Many years ago I was on my way to start Initial Officer Training in the RAF. I left myself ample time for the journey, even if the trains screwed up. On arrival at Birmingham New Street I ended up being hit with something like a 2 or 3 hour delay which meant I was going to be late. I went to complain about it, in the hope that they might do the decent thing and get me as close to Cranwell as possible then throw me in a cab. Whilst complaining (not that vigourously I add) the station staff decided to get a British Transport Rosser along to tell me to move along. I have no doubt this is a British Transport Rosser over-reaction. You'll probably find he was arrested under anti-terrorist laws as well just to really over-react.

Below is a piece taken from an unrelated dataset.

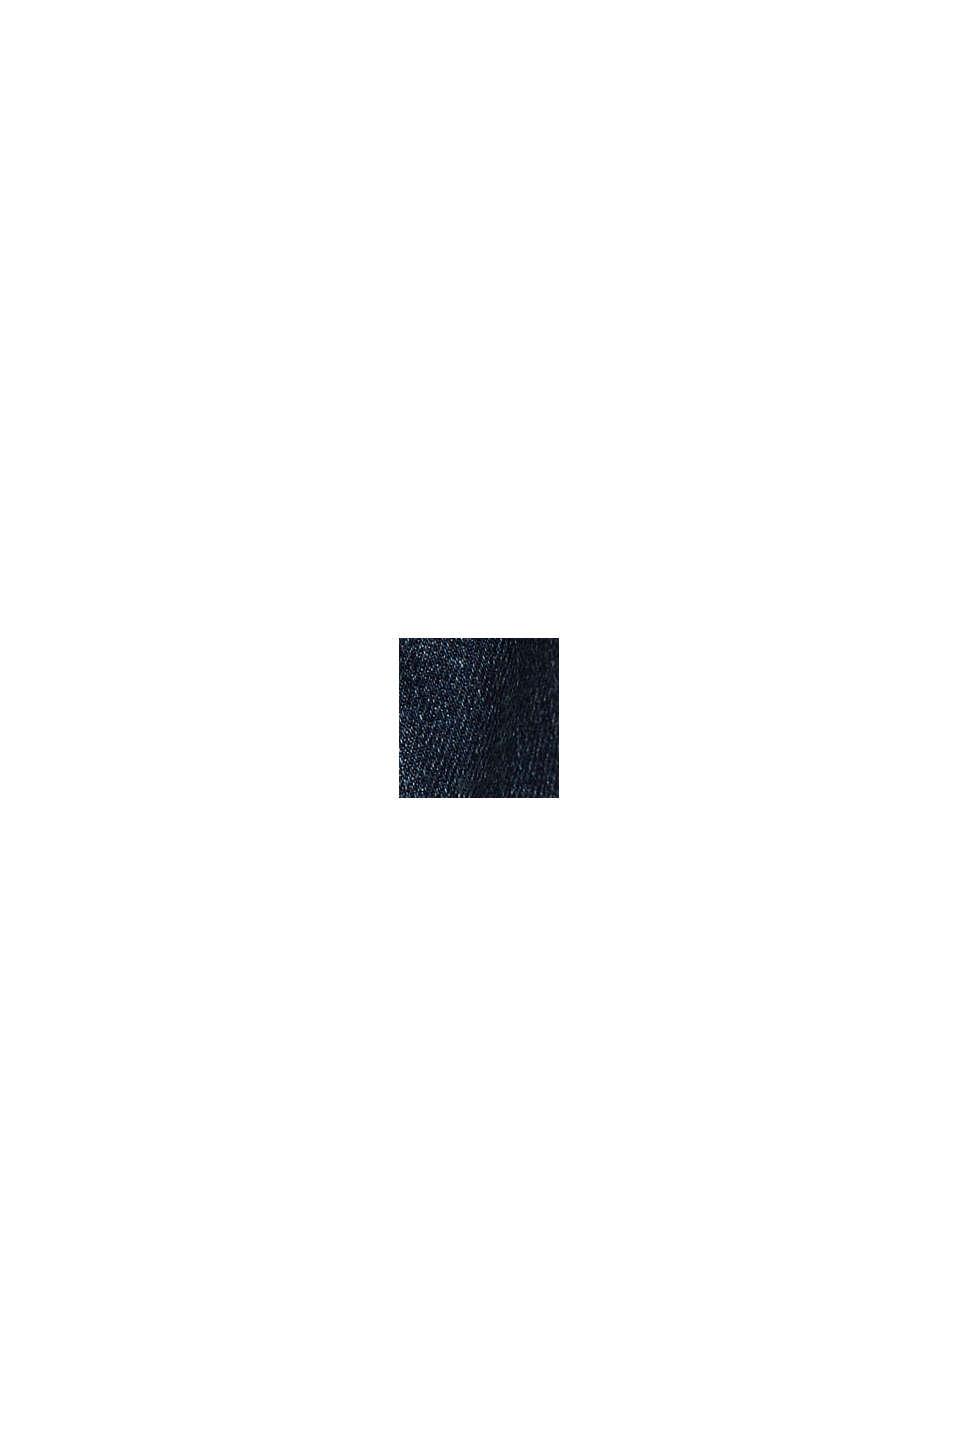 Vaqueros cortos de algodón ecológico, BLUE DARK WASHED, swatch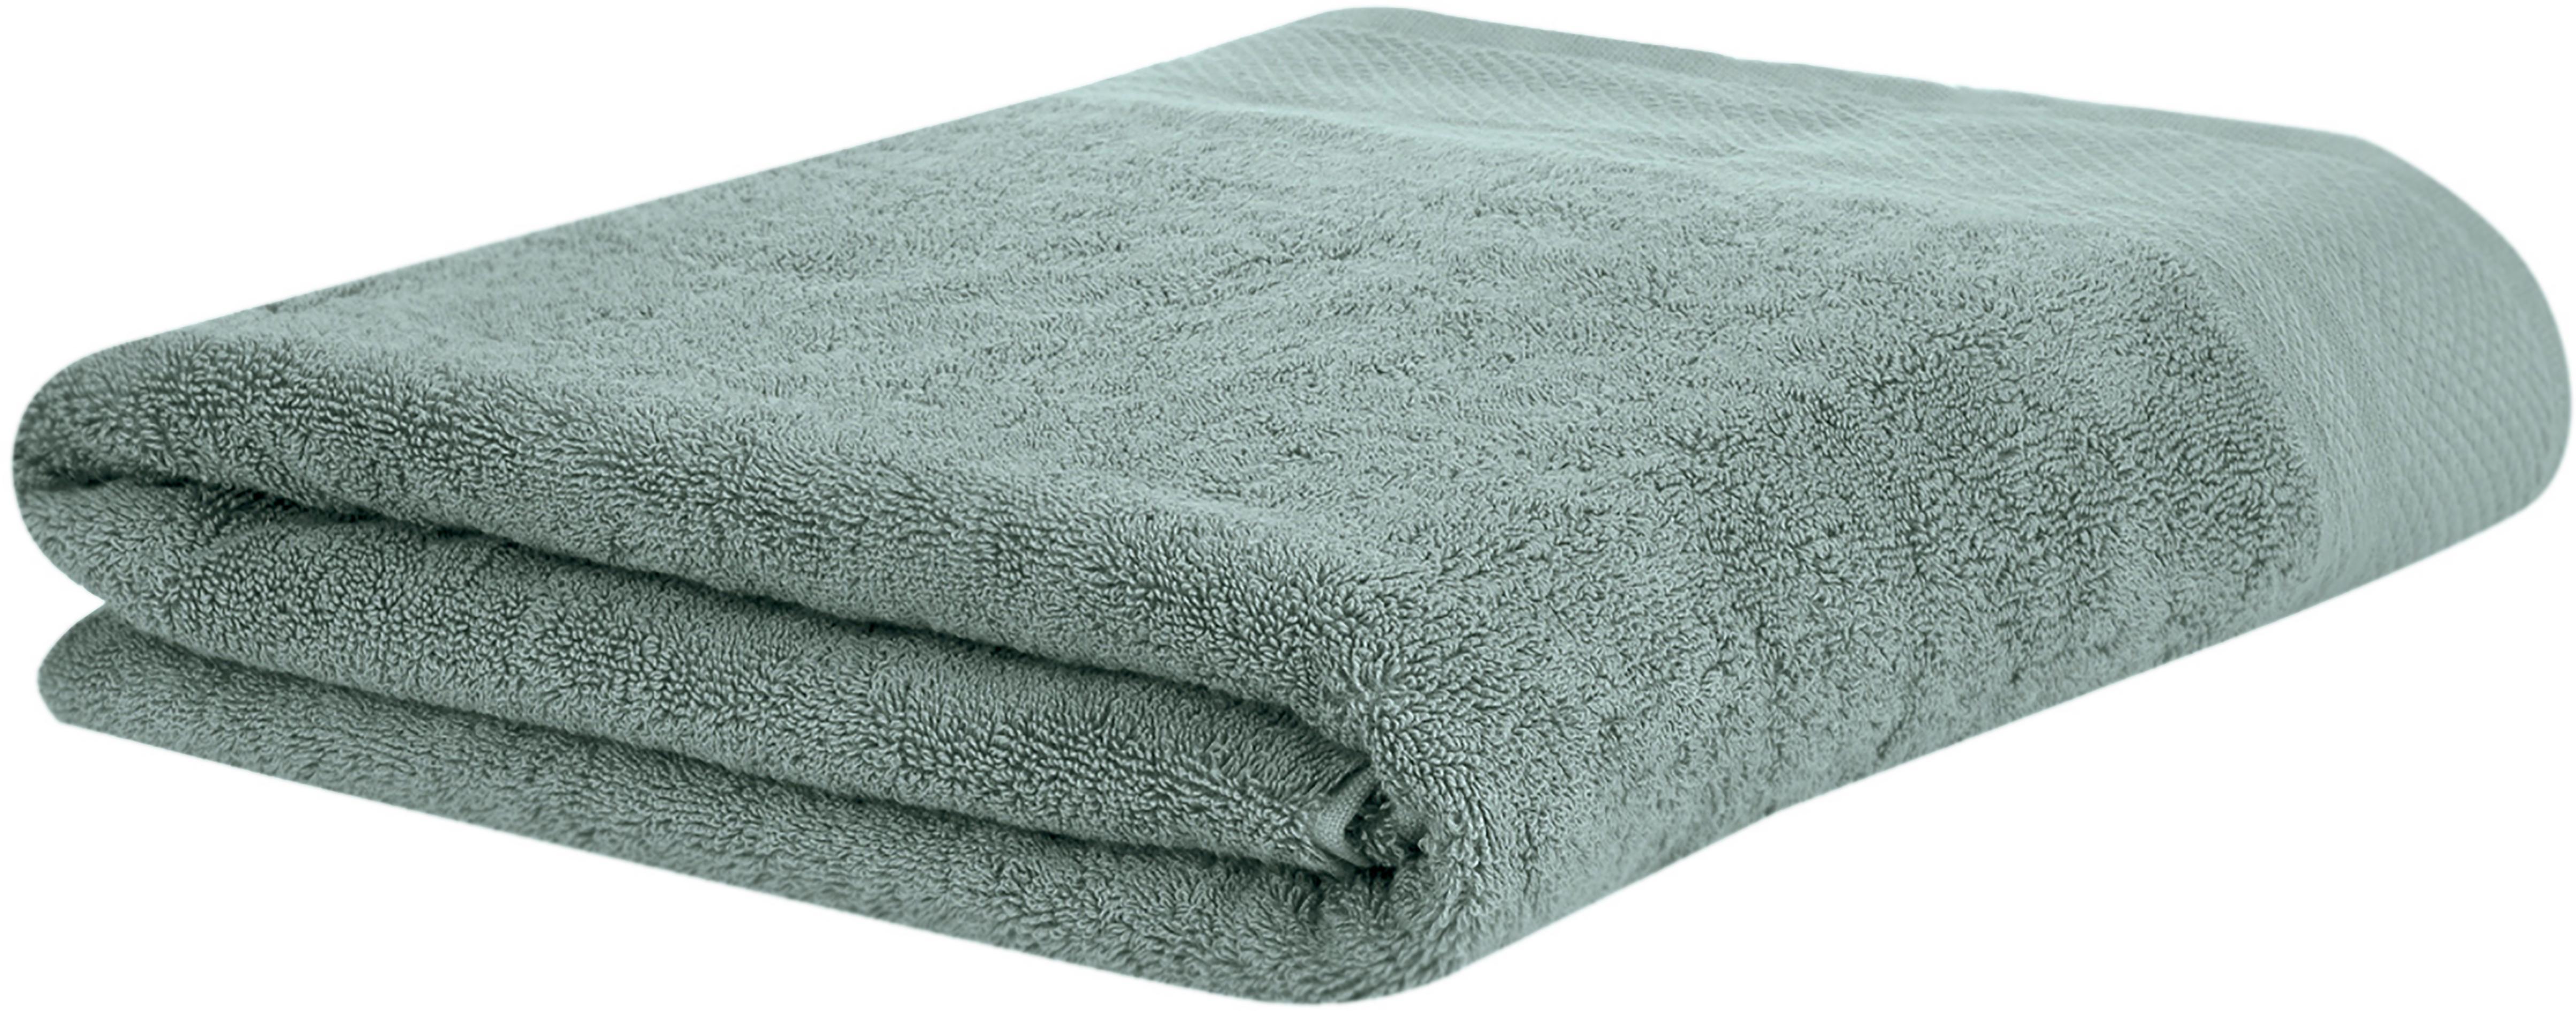 Handtuch Premium in verschiedenen Grössen, mit klassischer Zierbordüre, Salbeigrün, Badetuch

People shouldn't get abusive when annoyed, but there is no need to call the police over an incident like that. And there is definitely no reason for the police to arrest the guy when a "move-along sir" should suffice.
Given how old this story is, you have to think it is a classic smoke screen emanation from NuLabour's media machine to try and divert attention in that day's news cycle from the 4th attempt to get rid of Brown.
Classic fodder for spoon-fed journo's who want to feel they are being policitally balanced in their output.
For f**k's sake this govnt is still borrowing £5000 a second, our debt % is greater than Zimbabwe and yet this makes the news pages. Jeez.
The more Government influencers and policy-makers get caught out by stupid overreactions and nonsensical knee jerk laws the more chance there is of introducing some common sense back into the process.
He may well have been being a self important tosser at the time and deserved significant hassle for it but *in general* the worse 'officialdom' in whatever form gets the more we need the people with the power to change it to suffer personally.
"Customer facing staff should be able to cope with angry customers who miss their trains. They should not call the police at the drop of a hat, and the police should not be the first line between any disagreeing parties."
Nope, when I worked at the cable company, policy was "If the customer swears or yells you can hang up on them". At the place I work at now, we have called the police several times, someone will argue they should get something for nothing (in one case trying to return an item that they were told was "as-is" at least 4 or 5 times before they bought it, and another case arguing that "Oh, no-one else gets a discount but *I* should get these items discounted!", they just kept yellng and bitching, and would not leave when told to leave. That is a police matter. Frankly, I think customer facing staff should be able to tell an angry customer to fuck off and come back when they've calmed down.
I don't think this guy should have been arrested, but you know, if someone is being a dick (which it sounds like this guy was) they WILL arrest or ticket someone that they otherwise would have just told to "head along now".